Exercise prompt: In the entries below, repeat only the lines between those holding "Delantal De Utensilios" and "Dotykać klawiatury", inclusive. Leave pictures out.

Supplied records:
##############################

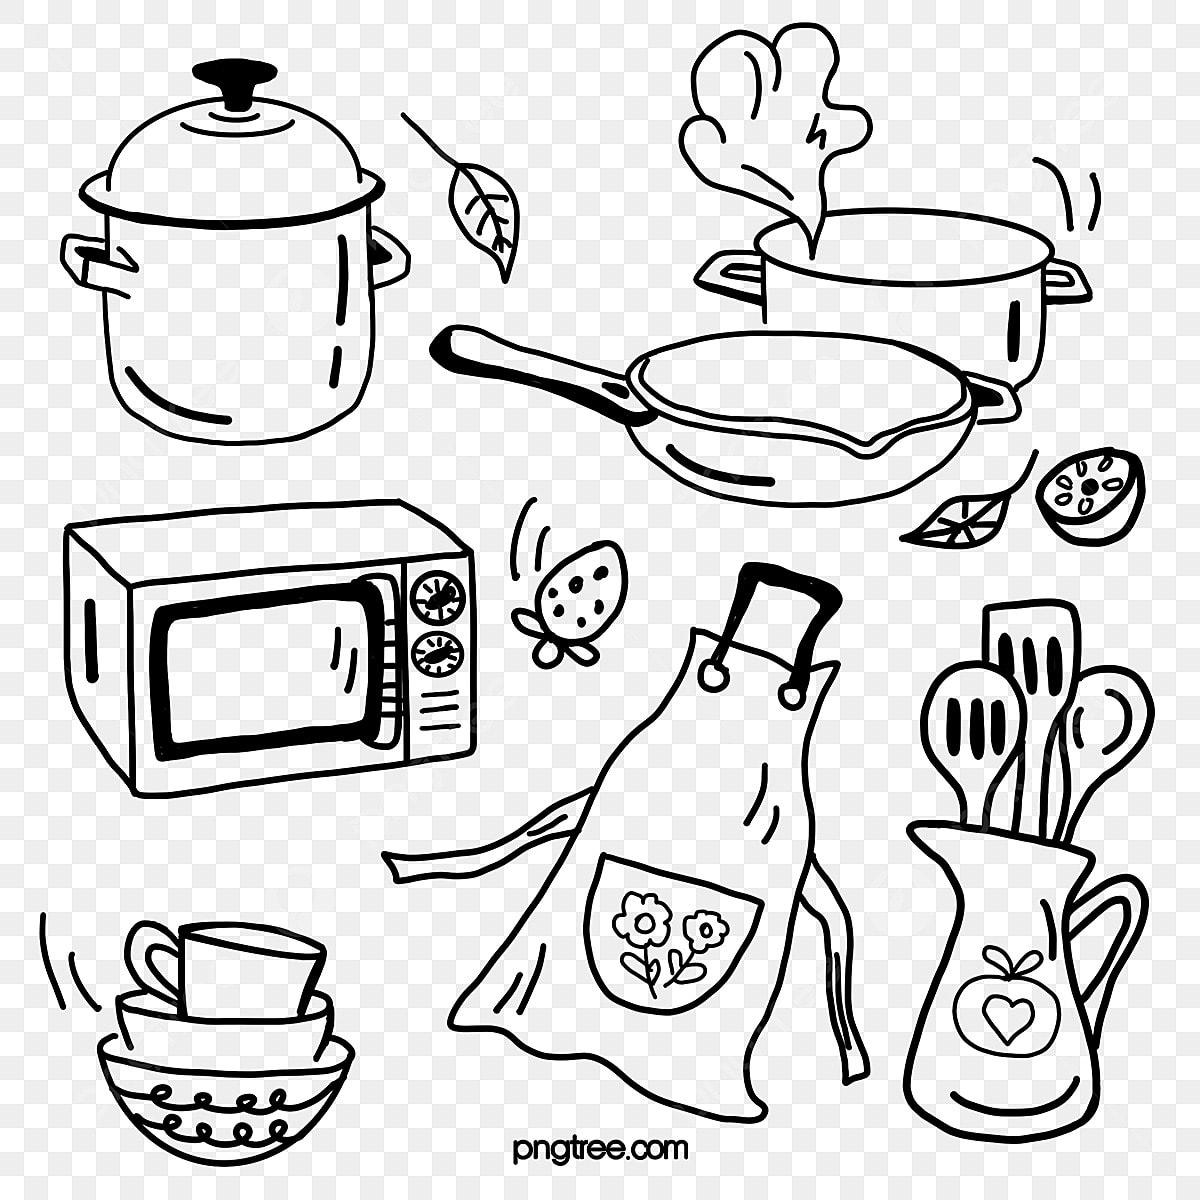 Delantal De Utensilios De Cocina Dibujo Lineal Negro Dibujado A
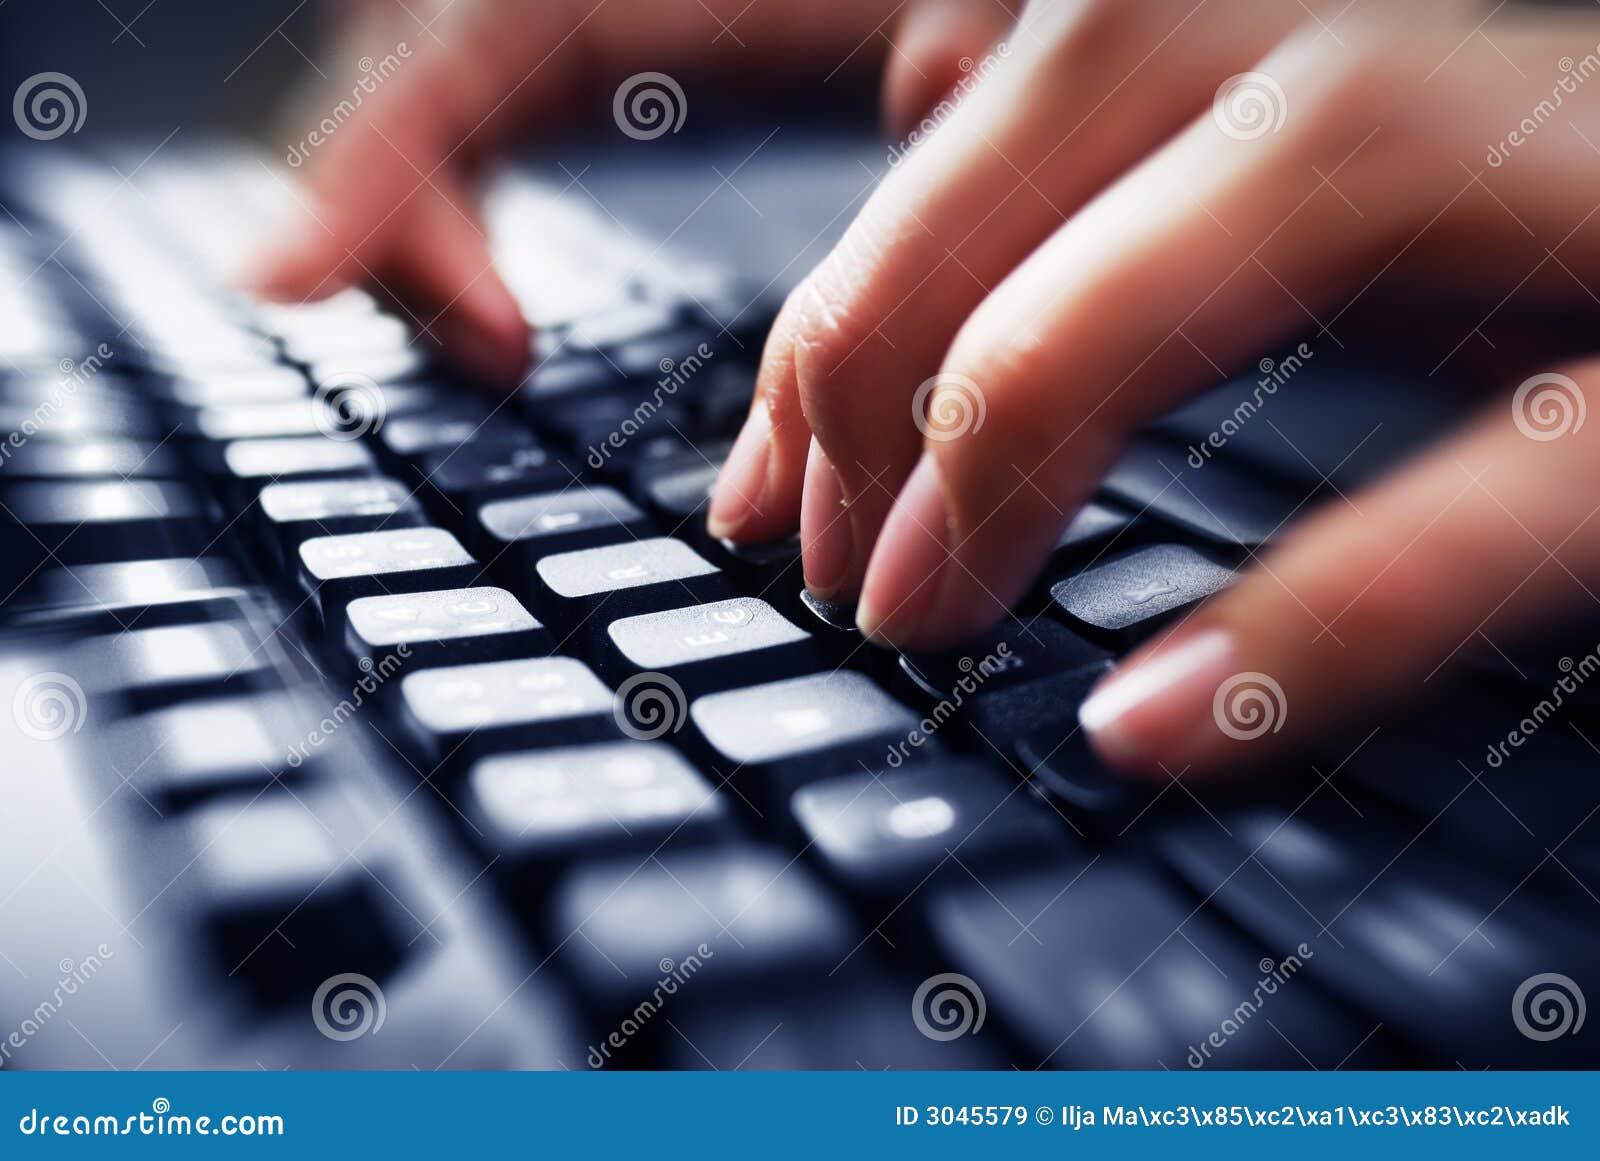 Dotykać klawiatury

##############################

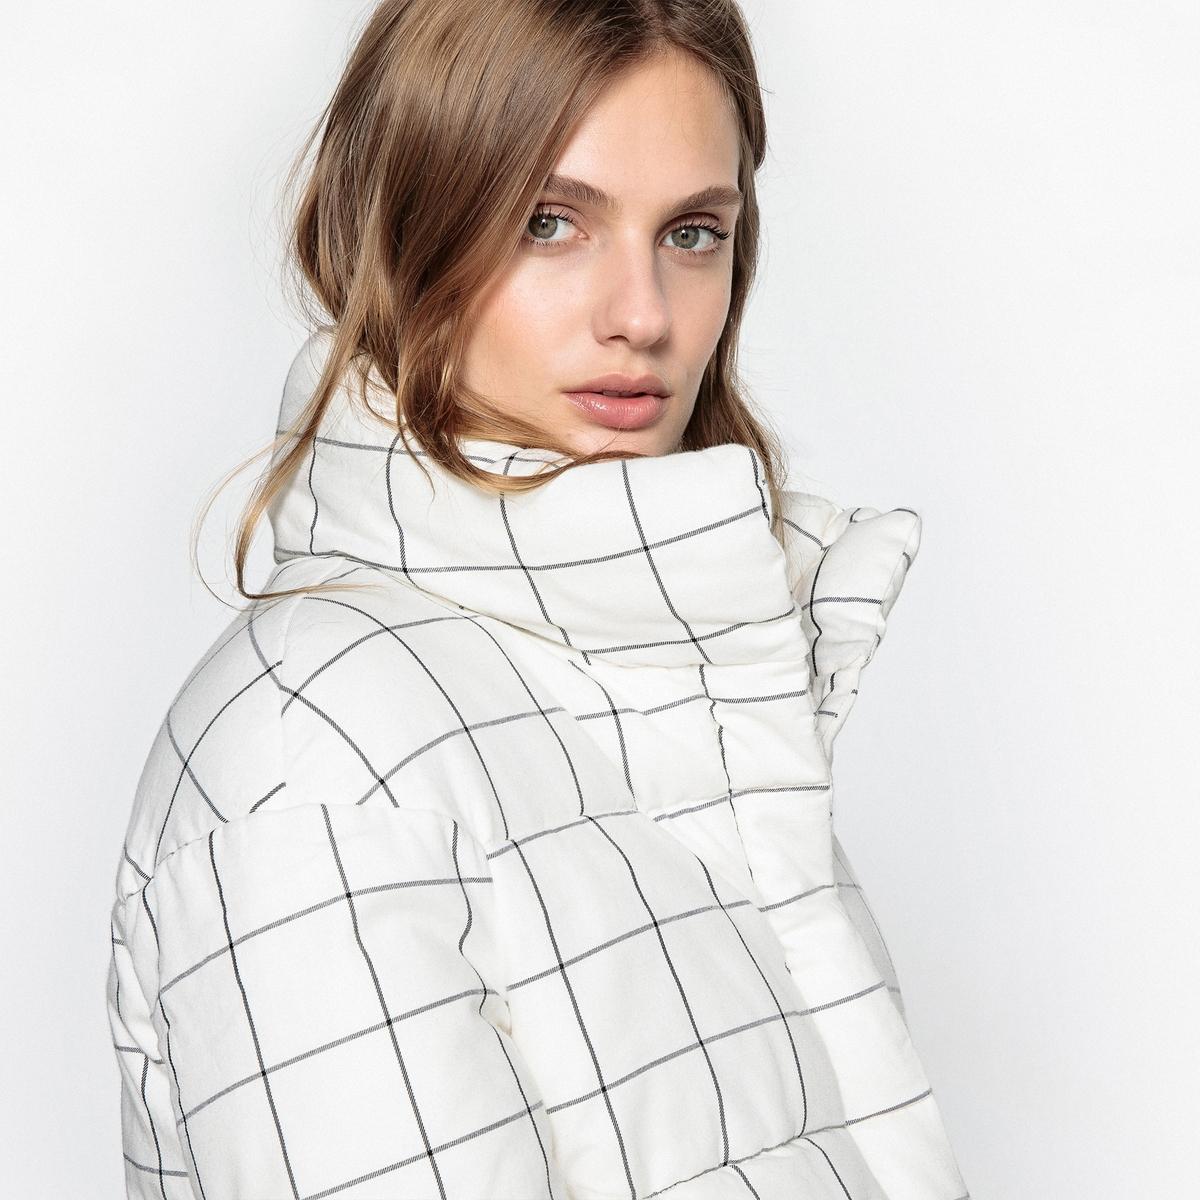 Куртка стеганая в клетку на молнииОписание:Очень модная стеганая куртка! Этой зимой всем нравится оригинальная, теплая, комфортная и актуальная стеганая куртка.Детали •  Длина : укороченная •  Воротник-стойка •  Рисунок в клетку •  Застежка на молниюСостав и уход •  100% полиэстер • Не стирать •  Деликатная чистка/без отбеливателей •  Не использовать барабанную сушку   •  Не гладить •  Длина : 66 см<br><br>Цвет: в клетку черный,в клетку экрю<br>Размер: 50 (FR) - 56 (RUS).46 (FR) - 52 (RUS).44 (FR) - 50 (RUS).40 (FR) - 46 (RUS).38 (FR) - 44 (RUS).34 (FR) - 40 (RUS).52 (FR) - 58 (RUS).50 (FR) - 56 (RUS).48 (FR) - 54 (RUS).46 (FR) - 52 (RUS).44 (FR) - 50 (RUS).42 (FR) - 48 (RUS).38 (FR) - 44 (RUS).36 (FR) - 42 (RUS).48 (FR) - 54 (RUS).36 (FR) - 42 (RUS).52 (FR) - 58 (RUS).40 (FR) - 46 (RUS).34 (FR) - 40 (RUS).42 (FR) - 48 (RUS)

##############################

Response area:
 Delantal De Utensilios De Cocina Dibujo Lineal Negro Dibujado A
 Dotykać klawiatury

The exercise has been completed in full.